X chromosome inactivation (XCI) is the phenomenon that has been selected during the evolution to balance X-linked gene dosage between XX females and XY males.

Phases 

XCI is usually divided in two phases, the establishment phase when gene silencing is reversible, and maintenance phase when gene silencing becomes irreversible. During the establishment phase of X Chromosome Inactivation (XCI), Xist RNA, the master regulator of this process, is monoallelically upregulated and it spreads in cis along the future inactive X (Xi),  relocates to the nuclear periphery. and recruits repressive chromatin-remodelling complexes Among these, Xist recruits proteins of the Polycomb repressive complexes. Whether Xist directly recruits Polycomb repressive complex 2 (PRC2) to the chromatin or this recruitment is the consequence of Xist-mediated changes on the chromatin  has been object of intense debate.

Mechanism 

Some studies showed that PRC2 components are not associated with Xist RNA or do not interact functionally.  However another study  has shown by means of mass spectrometry analysis, that two subunits of PRC2 may interact with Xist, although these proteins are also found in other complexes and are not unique components of the PRC2 complex.

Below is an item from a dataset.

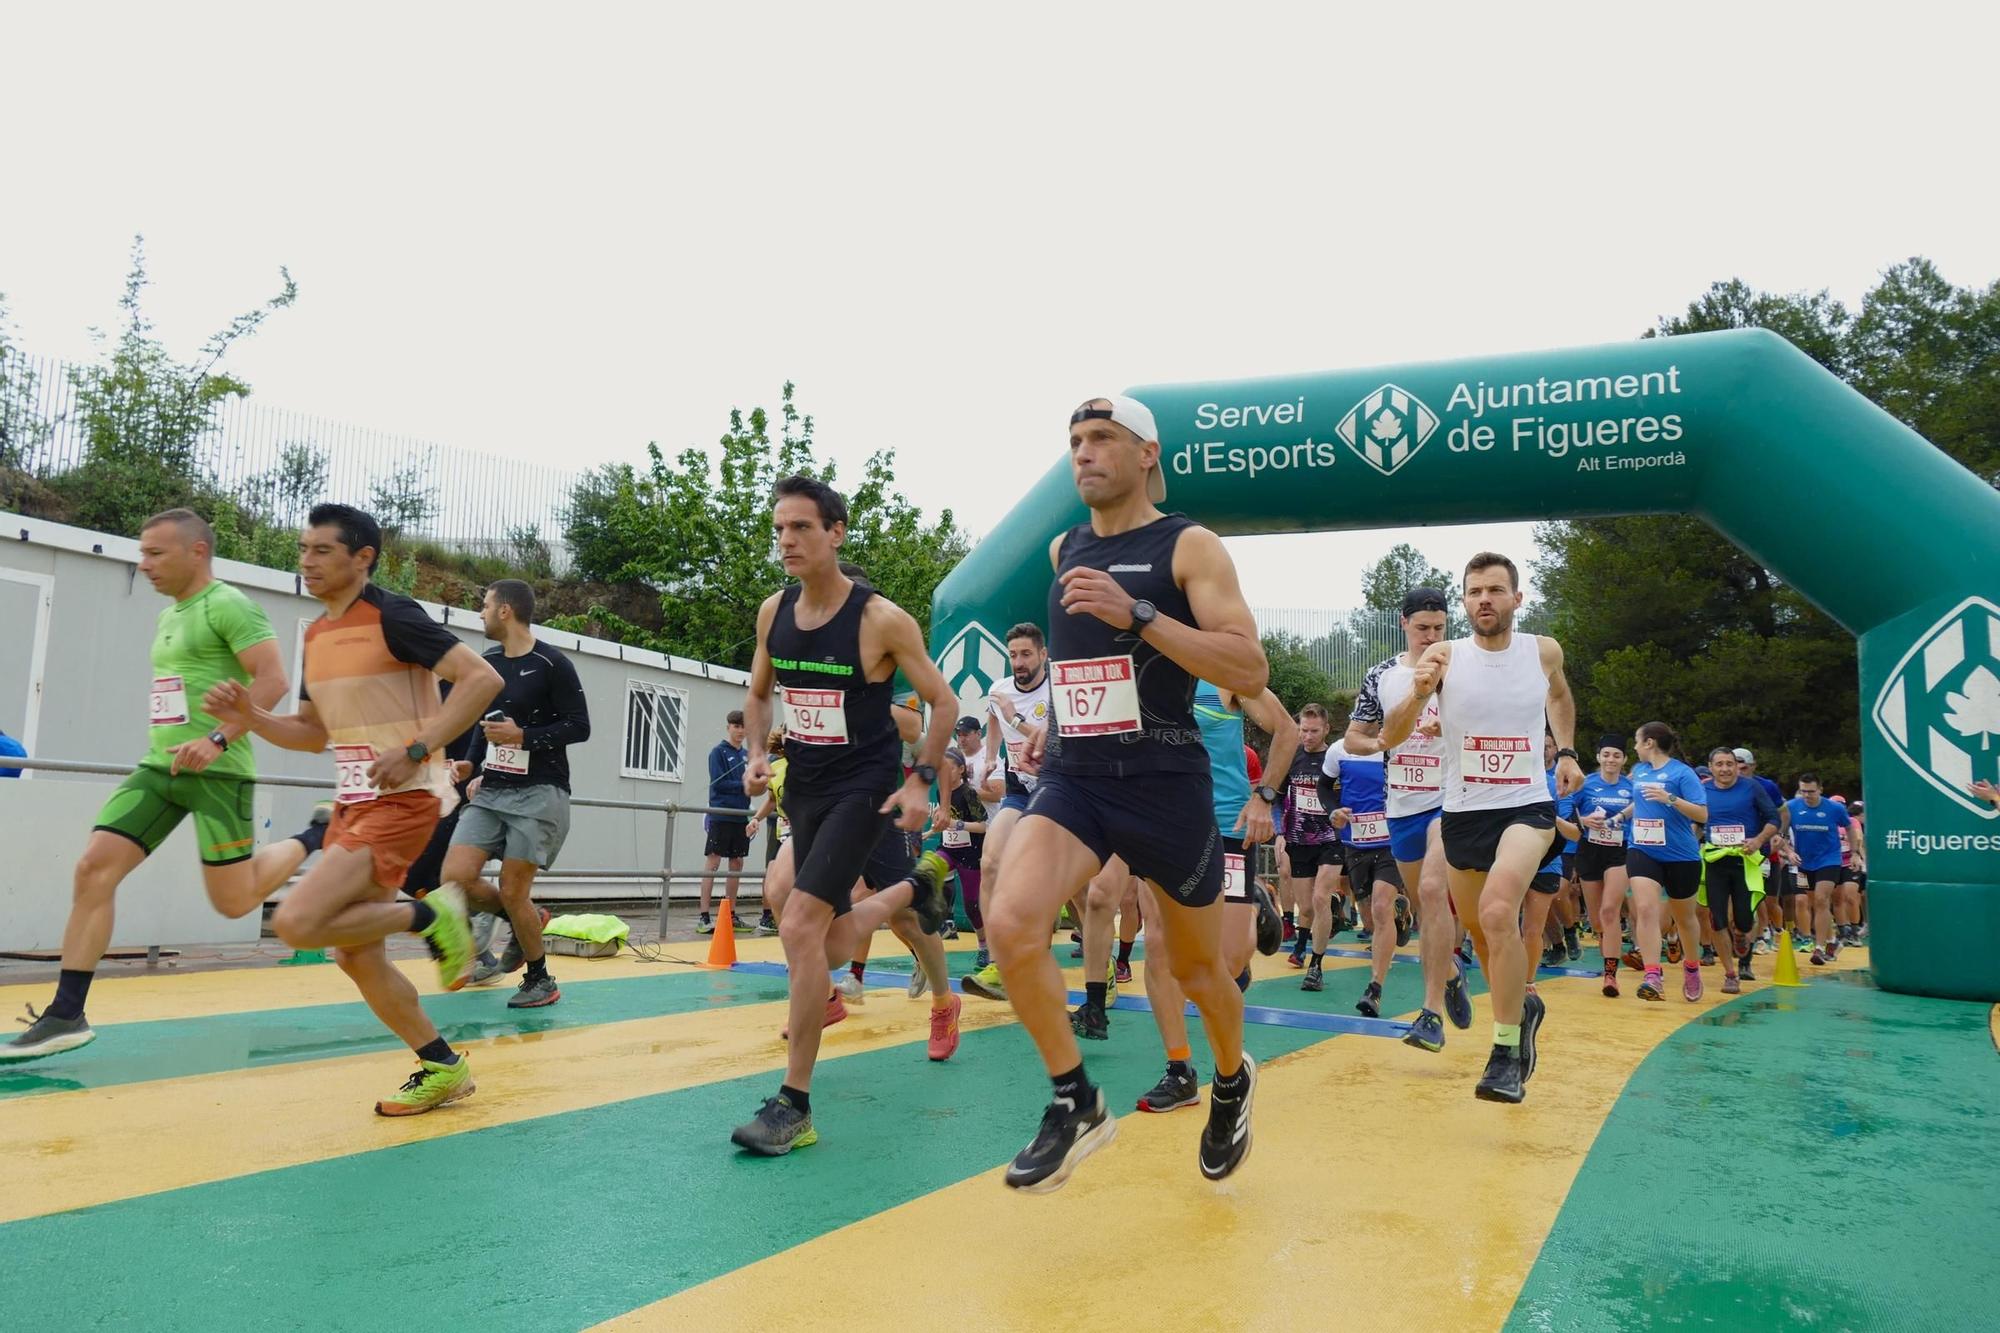 Unes 400 persones participen a la XVII Run Castell de Figueres
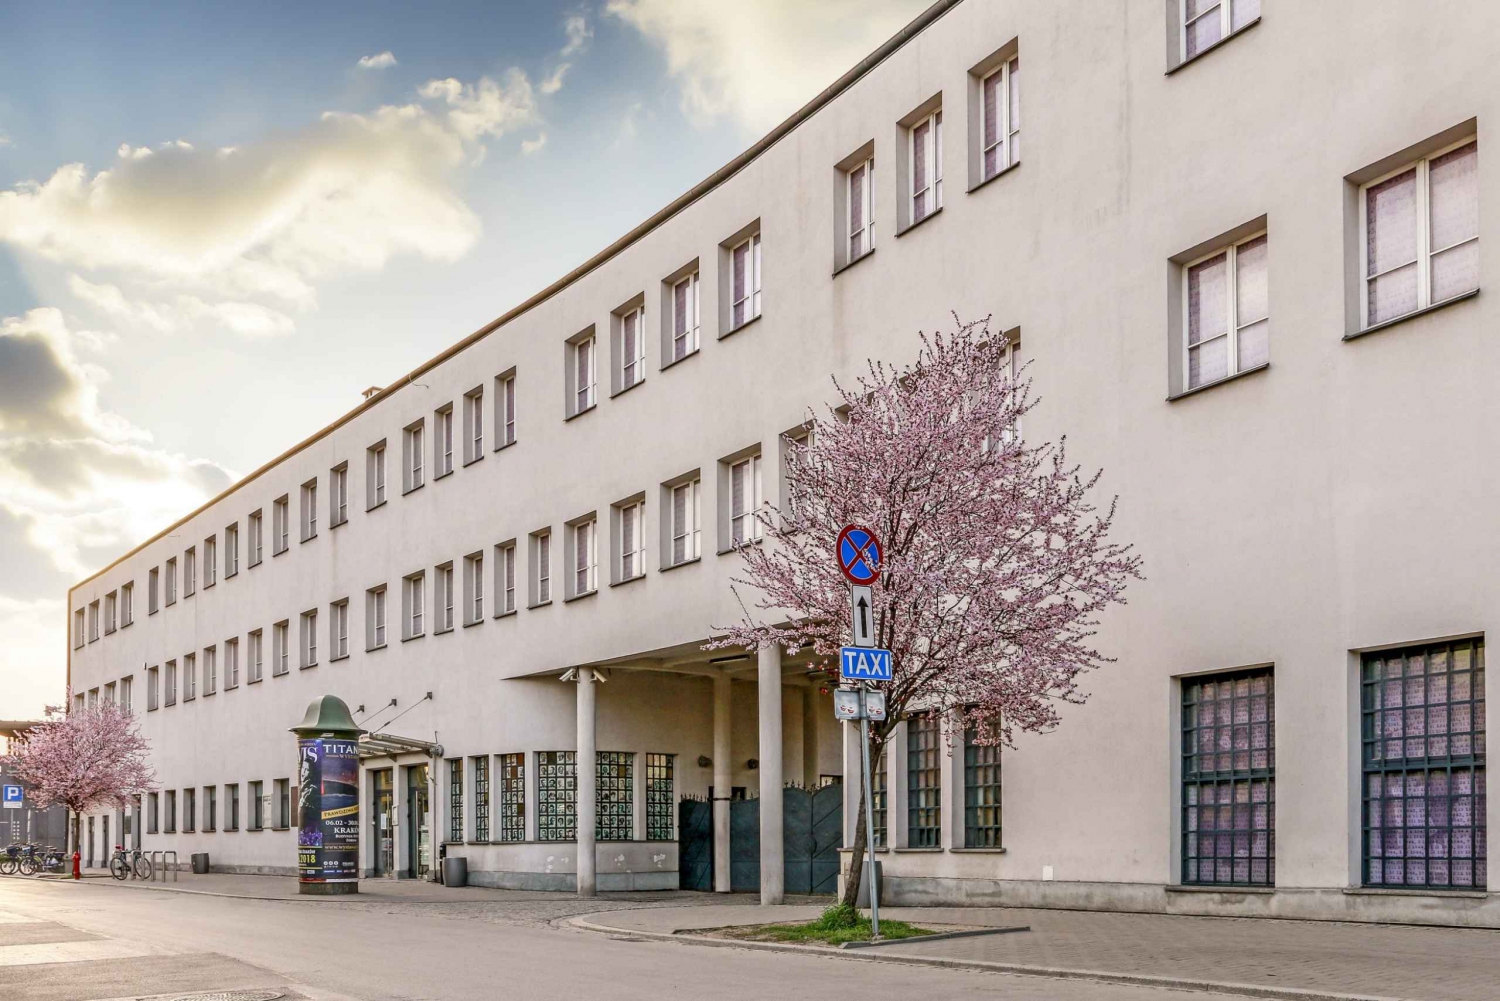 Krakova: Schindlerin tehdas ja getto.

PRC2 binds the A-repeat (RepA) of Xist RNA directly and with very high affinity (dissociation constants of 10-100 nanomolar), supporting Xist-mediated recruitment of PRC2 to the X chromosome. However it is not clear whether such interactions occurs in vivo under physiological conditions. Failure to turn up PRC2 proteins in function screens may be due to cells not being able to survive or compete without PRC2 or incomplete screens. Two super resolution microscopy analyses have presented different views from each other. One showed that Xist and PRC2 are spatially separated, while another showed that Xist and PRC2 are tightly linked. It is possible that several mechanisms recruit PRC2 in parallel, including direct Xist-mediated recruitment, adaptor proteins, chromatin changes, RNA pol II exclusion, or PRC1 recruitment. For instance, PRC2 recruitment is linked to PRC1-mediated H2A119 ubiquitination in differentiating embryonic stem cells (ESCs). where PRC1 recruitment is mediated by hnrnpK and Xist repB.  In fully differentiated cells, PRC2 recruitment seems to be dependent on Xist RepA. It is possible that alternative and complementary pathways such as phase separation  work to establish PRC2 recruitment on the X in different experimental systems and during different stages of development.